Where $106bn man Jeff Bezos belongs on all-time rich list
January 12, 20181.3K views0 comments
Just 10 days into 2018 and Jeff Bezos, the founder of Amazon and a thorn in the side of Donald Trump, has seen his personal wealth soar by $6bn (£4.4bn).
The man at the helm of the sprawling online empire – which accounted for an extraordinary 89% of online Christmas trading at big US retailers – Bezos is now worth $106bn, enough to cover Britain’s budget deficit twice over and still have change.
Officially, he is the richest man on the planet – the latest in a list of plutocrats stretching all the way back to Croesus, the king of Lydia in the 6th century BC who was so rich he had an expression name after him. Only once before has one man been worth twelve figures, when Bill Gates’s fortune hit its peak of $100bn at the height of the dotcom bubble in 1999. Bezos overtook Gates last year and the gap has widened almost daily.
Even so, the impact of inflation means Bezos is not the richest man who ever lived. He is not even the richest American who ever lived: that title would go to one of the titans of US industry from the late 19th and early 20th centuries. Andrew Carnegie, John D Rockefeller and Henry Ford all amassed fortunes that would make the Amazon founder a relative pauper once rising prices were taken into account.
Looking further back, lists of the top 10 richest men of all time include William the Conqueror’s relative Alan Rufus. According to the US magazine Money, when he died around 1093, Alan’s estate was worth £11,000. The Domesday Book had helpfully put a value on all property in England after the Norman conquest and Rufus held 7% of it. Bezos’s wealth, by contrast, does not amount to even 1% of current US GDP; to match Rufus his wealth would need to be $1.25tn.
Even less is known about other historical figures who controlled vast fortunes. From the Egyptian pharaohs to the Roman emperor Augustus Caesar and the Mongol warlord Genghis Khan, wealth down the ages has often been concentrated in the hands of the few.
Nor is Bezos without question the richest man currently living. While it is relatively easy to work out the net worth of Bezos and Gates from the value of their share portfolios, nobody knows for sure how much members of the Saudi Arabian royal family are worth. Nor has anybody come up with a definitive figure for the net worth of Vladimir Putin, although rumour has it that the Russian president’s fortune is bigger than that of Bezos or Gates. Muammar Gaddafi, the former Libyan leader, is said to have salted away $200bn during his time in power.
Bezos’s wealth is disclosed on the Bloomberg Billionaires Index, which looks at publicly available data on company ownership and stock market stakes, making it easy to quantify. The list is dominated by Americans, given their ownership of the world’s biggest public companies. But others, from Russian oligarchs to leaders of developing nations, control vast undisclosed sums. Some may also be hidden due to opaque company structures, with funds or assets placed offshore.
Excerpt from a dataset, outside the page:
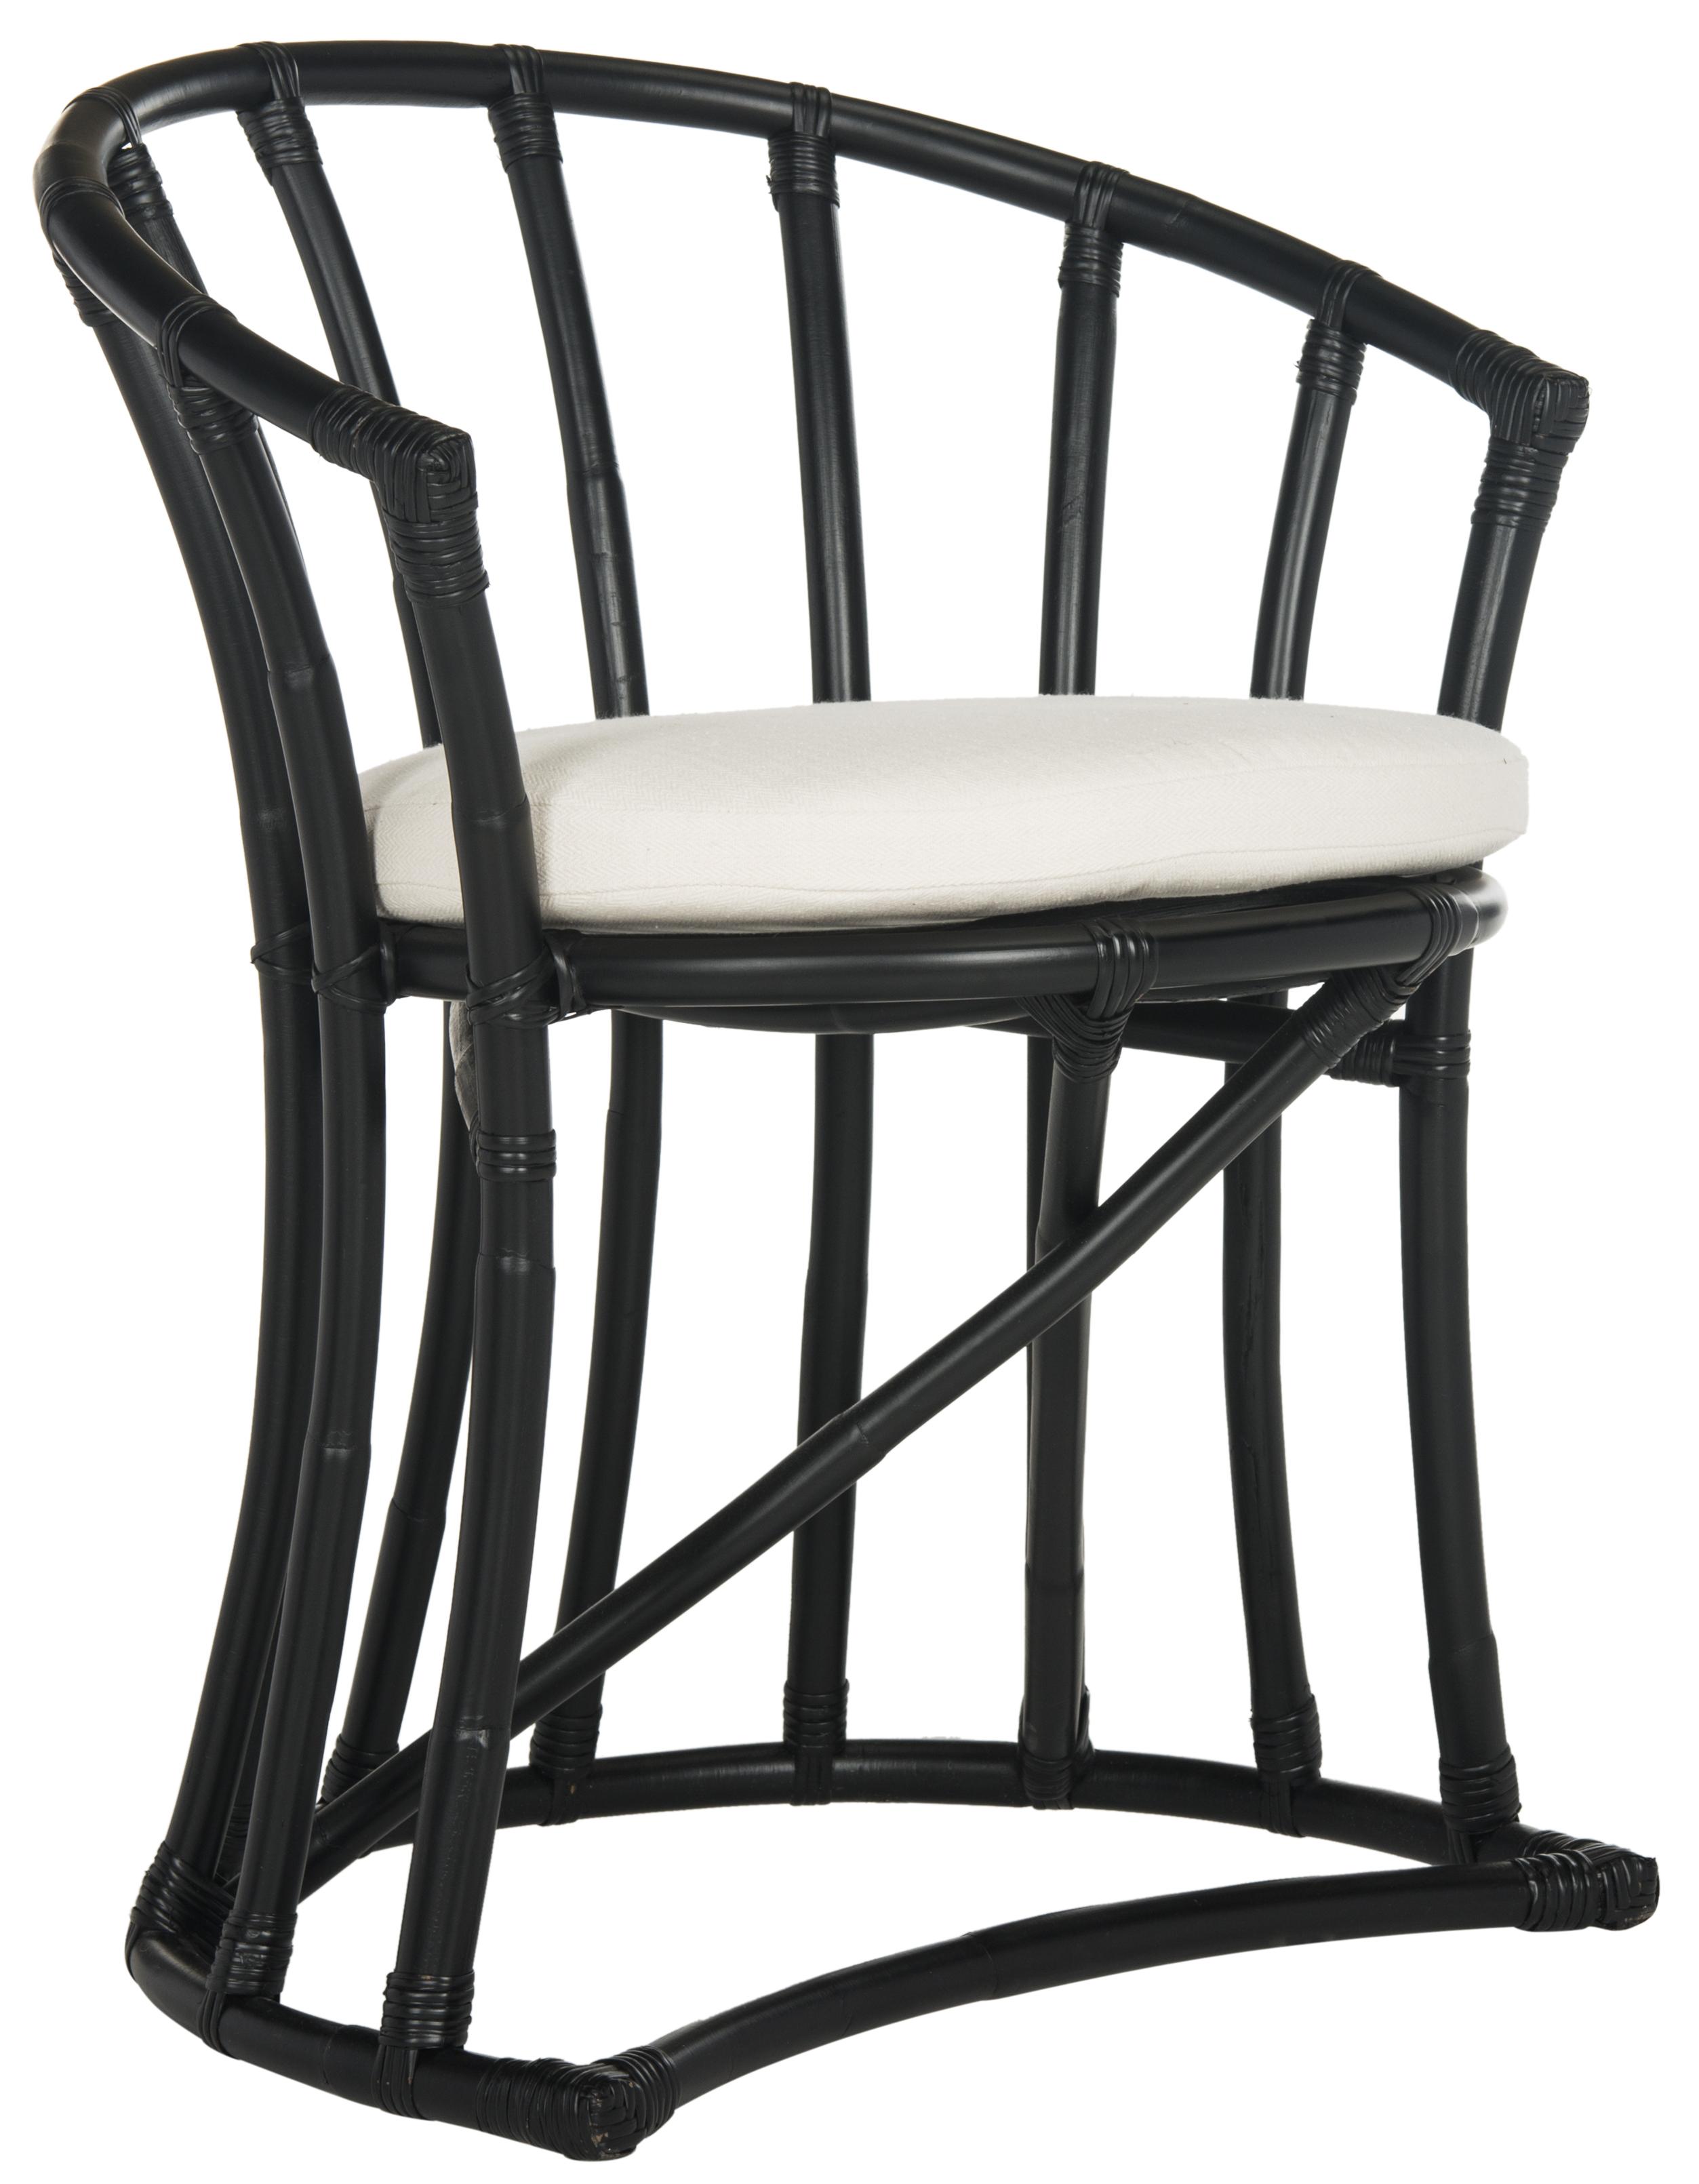 Safavieh Bates Rattan Accent Chair, Black by Safavieh

The increase in Bezos’s wealth is a result of a surge in the value of Amazon shares – fuelled by a stock market rally that owes much to Trump’s corporate tax cuts, which came into force at the start of the year. Bezos owns 16% of Amazon, which has risen in value by more than 50% since the president’s inauguration a year ago – an ironic situation given that Bezos also owns the Washington Post, a paper that has been a source of almost constant irritation for the US president, which he refers to as a factory of fake news.
Nevertheless Bezos – born into a middle-class family in Albuquerque, New Mexico, in 1964 and who launched Amazon in 1994 selling books from his garage in Seattle – is now number one on the rich list ahead of Gates and the investor Warren Buffett.
After taking inflation into account, the $100bn fortune belonging to Bill Gates would have been worth almost $150bn in today’s money.
The Microsoft founder might also have been worth more than Bezos today if he hadn’t given away almost $36bn through the charitable foundation he runs with his wife, Melinda.
Measured against the total wealth in the US at the time the dotcom bubble burst Gates was much richer than Bezos. According to Credit Suisse, total wealth in the world’s largest economy has more than doubled to $93.5tn since the year 2000.
Billionaires have been getting richer in recent years, at a time of growing concerns over inequality in developed nations. The world’s super-rich have been estimated to now own the greatest concentration of wealth since the US Gilded Age at the turn of the 20th century, when industrialists such as Rockefeller and Carnegie grew rich beyond imagination. That period came to an end with the Wall Street crash of 1929 and the subsequent Great Depression.
The world’s 500 richest people increased their wealth by $1tn last year, buoyed by huge increases in the value of global shares.